Disaster-Mapping: Let’s Start Pulling the Pins Now

by Fred First

The car won’t start and the milk you poured on your cereal this morning went south. The kids have the flu and the cat is having more kittens in the washroom. You think you got troubles, brothers and sisters? Just browse over to The Emergency and Disaster Information Services (EDIS). Your local, personal, tea-pot tempest will seem far more survivable, given the fact that volcanoes and earthquakes, floods and wildfires are more consequential molehills than your mismatched socks.

This highly-informative web site integrates a Google-Earth-based map of the world with tables listing and categorizing world wide “events’ of natural and man-made disaster–always a good way to gain an “it could always be worse” perspective. At first glance, it might just seem like ambulance chasing from the comfort of your ergonomic office chair.

Look. There was a “nuclear incident” on the shore of Lake Michigan over the weekend. No cause for alarm, folks, nothing to see here, be on your way. It was an electrical cable issue, nothing to do with radioactive stuff, they say. Homer Simpson is alive and well and does not glow in the dark.

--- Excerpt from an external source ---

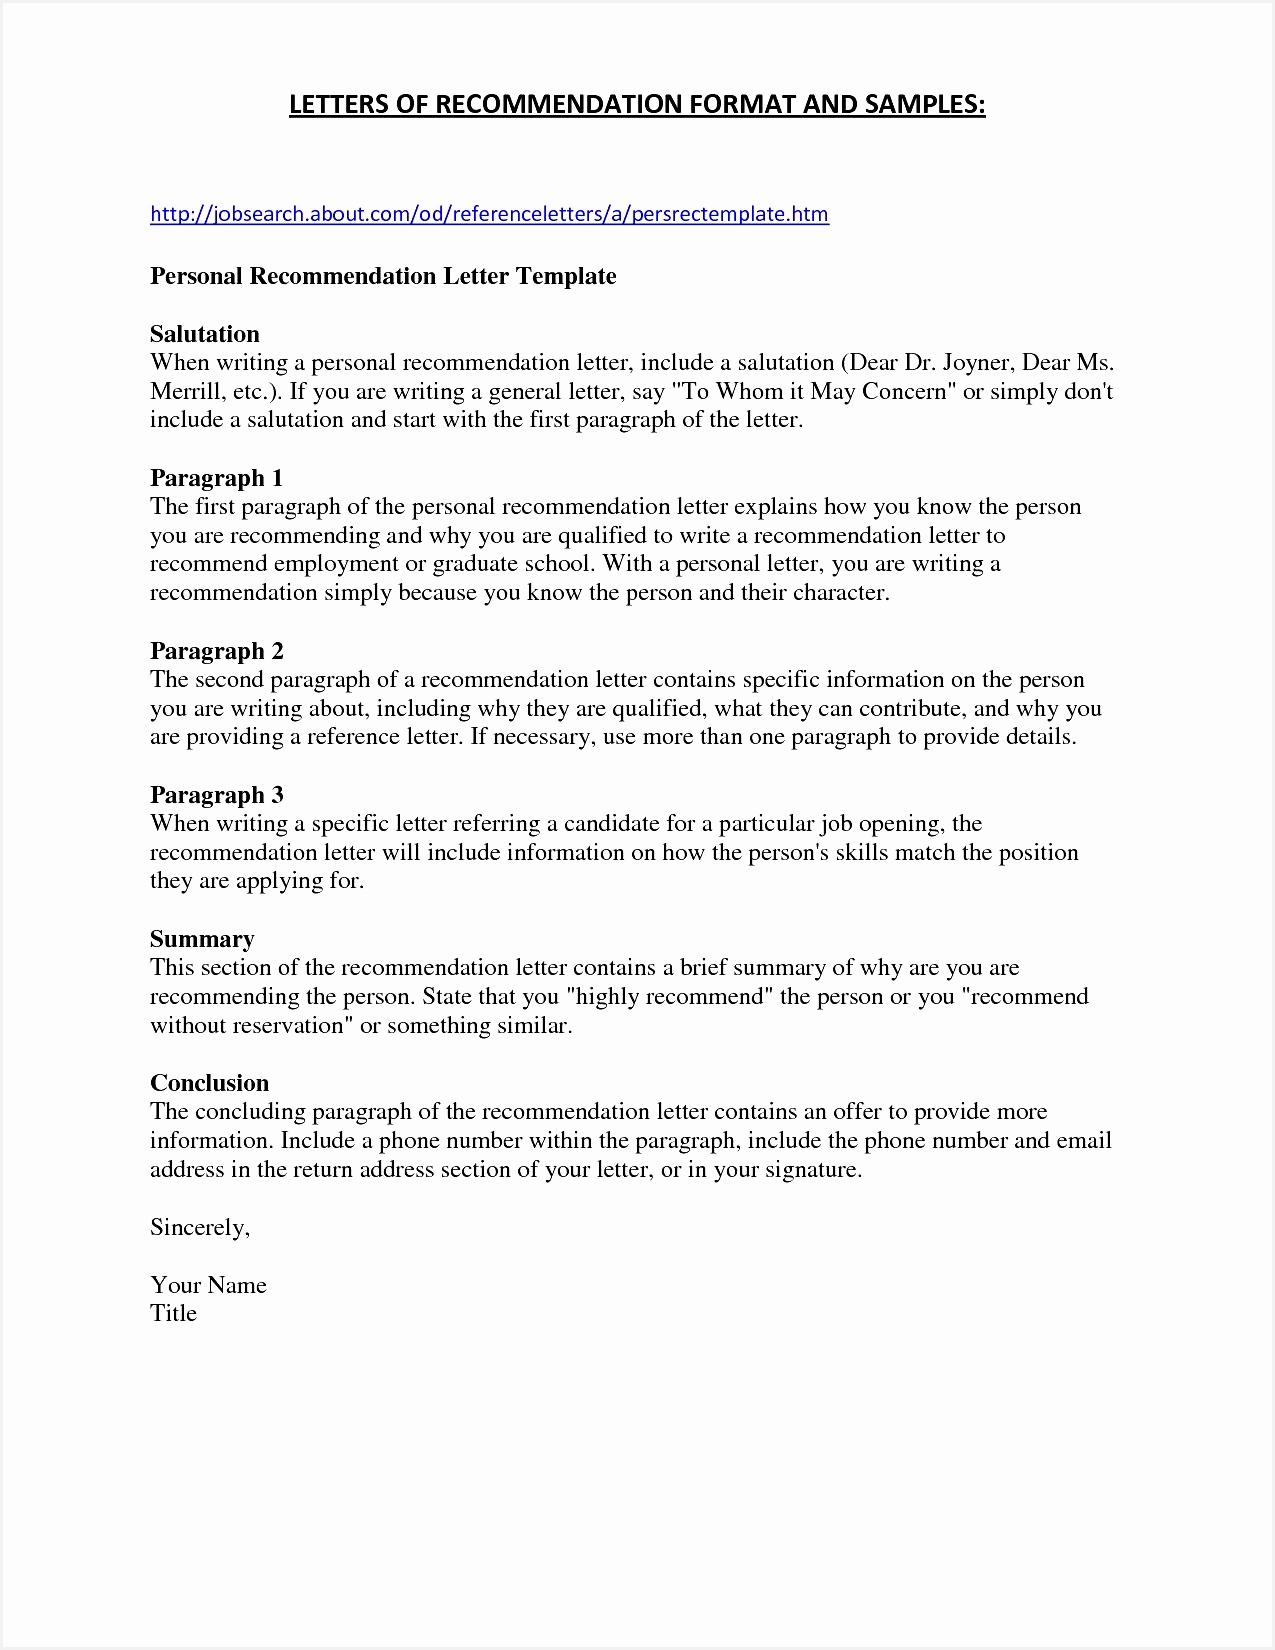 Graduate Resume Template Lovely Resume Sample for Nursing Job Luxury Nursing Resumes 0d Wallpapers16501275

Ah…let’s look at volcanoes and such. The super-volcanic Yellowstone Caldera (Wyoming)  ranks 8 out of 8 on the “explosivity index.” This is no joke. The map description explains that just one eruption of the many in the past few million years produced 2,500 times as much ash as the 1980 Mount St. Helens eruption. The enormous dome has risen three inches each of the past three years. Here’s another good reason for my daughter to bring her family from SD to NC. Listening, girlie? (She’ll only remind me about the hurricanes they never have in SD.)

But this map is a serious tool, a lens that shows more than we could otherwise comprehend of planetary purturbations. Among the most serious human stories as I scan the globe this morning are the floods pinned on the EDIS world map, most notably perhaps, the 15 inches of rain on Queensland, Australia in January alone. Flooding and mudslides are extremely serious in Brazil, Malaysia, The Philippines and Saudi Arabia. Saudi Arabia?

To learn more about any given event, click the little information “i” to the right of the row, and from the window that opens, click “description” to learn about the hanta virus cases in New Mexico or the higher-than-normal incidence of spinal meningitis or measles in New York.

This is a great resource for the globally curious citizen—a kind of accident report and health check at a glance. See for instance the category called “Mass Death of Animals.” Think of this as the Canary in the Cage section. There are more than 25 entries here, just in 2011, including all the thousands of birds that died inexplicably in several places around New Years. Some experts blamed fireworks; others are not so sure.

In the abstract, scanning a disaster map of somebody else’s problems can be a false comfort. Nope, no map pins anywhere in five hundred miles of us this morning, nothing to be concerned about here, back to what you were doing, biz as usual.

But stand far off in space and monitor the globe’s chills and fevers and consider: given the current trends in planetary climate shift plus the growing appetites of a busting-at-the-seams human population, are we likely to look at this map in one, five and twenty years and increasingly see events—famines and displacement, droughts, wildfires, floods, sea level change—that are not just nature taking its course? More and more, mankind’s actions or inactions will put pins on this map. And we have no other Earth to go to.

Leave space and the abstract. Go down to the ground. Look around; and look ahead. Lean into the hard truth of human suffering signified by each colorful map pin. By our choices, by our commitment and foresight now, could we reduce the disease and chaos, hunger and thirst, pain and privation of future emergency and disaster?

Volcanoes, earthquakes and tsunamis, as the insurance company describes them,  may be Acts of God. We can only prepare for them. But the Acts of Man should not put pins on this map. I think about that, and wonder what the EDIS map will look like when my kids are my age. For their sakes, I’d love to imagine it boring and empty. But wishing will not make it so.